ROUTINE_CONTAINER_SELECTOR = 'div#accordion.panel-group'¶: CSS Selector of the main container element holding all routine sections

SUP_EXAM_ACCORDION_SELECTOR = 'div#Sup_Exam_Routine'¶: CSS Selector of the container specifically for supplementary exam routine table

__init__(html: str)[source]¶

Initialize the RoutinePageParser with HTML content to be parsed.
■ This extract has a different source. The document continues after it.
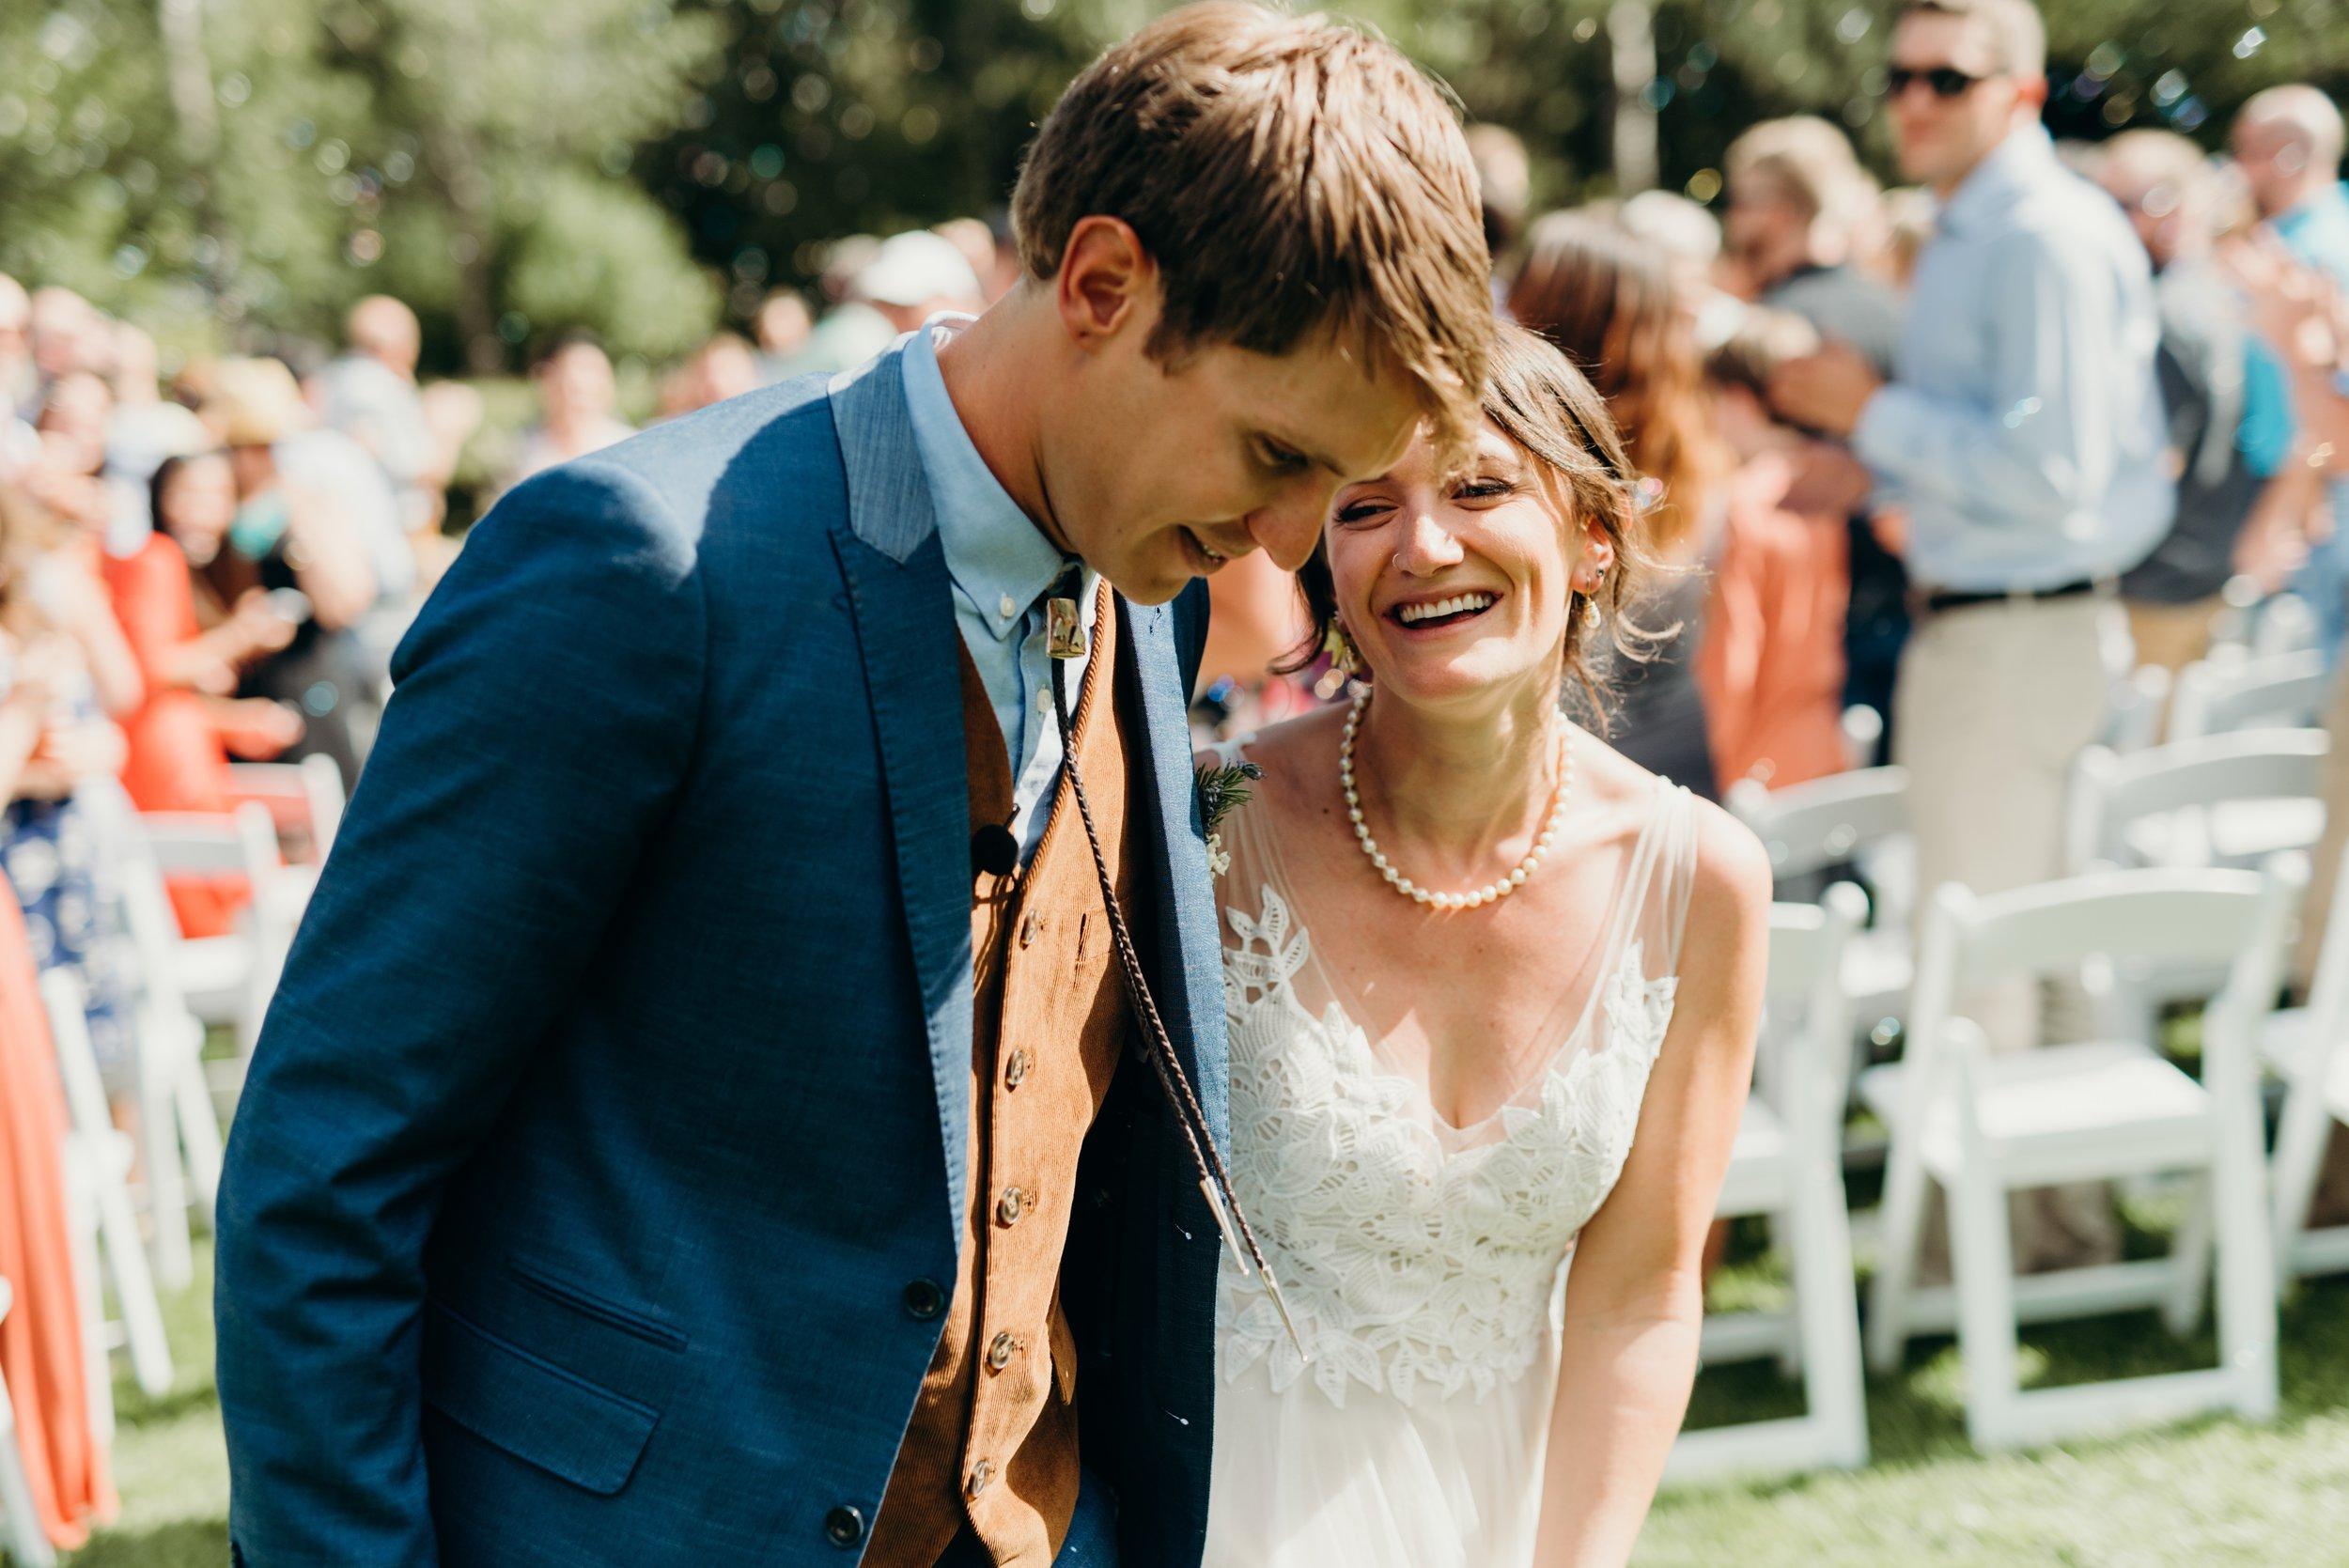 Sarah & Ben's Steamboat Springs, Colorado Bicycle Wedding

Parameters:: html (str) – Raw HTML string containing the routine page content.
Raises:: ValueError – If the provided HTML is empty

get_class_routine_links()[source]¶

Extract class routine links of all programs

Parses the HTML table identified by CLASS_ACCORDION_SELECTOR to retrieve a title and a list of links of class routine.

Returns:

A dictionary containing:

title (str) - The title of the class routine section.
links (list[dict]) - A list of dictionaries, each with:
- program_code (str) - The academic program code.
- semester_code (str) - The semester code.
- link (str) - The URL to the class routine.

Return type:

dict[str, list[dict[str,str]]]

Example Output:

{
    "title": "Class Routine of Spring 2025",
    "links": [
        {
            "program_code": "001",
            "semester_code": "610,064",
            "link": "https://annex.bubt.edu.bd/global_file/routine.php?p=001&semNo=610,064",
        },
        {
            "program_code": "006",
            "semester_code": "610,064",
            "link": "https://annex.bubt.edu.bd/global_file/routine.php?p=006&semNo=610,064",
        },
    ],
}

get_exam_routine_links()[source]¶

Extract exam routine links of all programs

Parses the HTML table identified by EXAM_ACCORDION_SELECTOR to retrieve a title and a list of links to exam routine.

Raises:

ValueError – Exam routine container is not found in the HTML
RuntimeError – Parsing fails due to invalid table structure or data

Returns:

A dictionary containing:

title (str) - The title of the exam routine section.
links (list[dict]) - A list of dictionaries, each mapping an exam name
(str) to a list of dictionaries with link names and normalized URLs.

Return type:

dict[str, list[dict]]

Example Output:

{
    "title": "Final Exam Schedule, Spring 2025",
    "links": [
        {
            "Day Program": [
                {
                    "CSE Program": "https://www.bubt.edu.bd/assets/frontend/uploads/CSE_MODIFY_12_12_12.pdf"
                },
                {
                    "Other Programs": "https://www.bubt.edu.bd/assets/frontend/uploads/Semester_Final_Examination_Schedule_Fall_2024_-for_students-3rd_Revised_docx.pdf"
                },
            ]
        },
        {
            "Evening Program": [
                {
                    "Download": "https://www.bubt.edu.bd/assets/frontend/uploads/updated_Final_Examination_Schedule,_Spring_2025,_Evening_Program.pdf"
                }
            ]
        },
    ],
}

get_sup_exam_routine_links()[source]¶

Extract supplementary exam routine links for all programs.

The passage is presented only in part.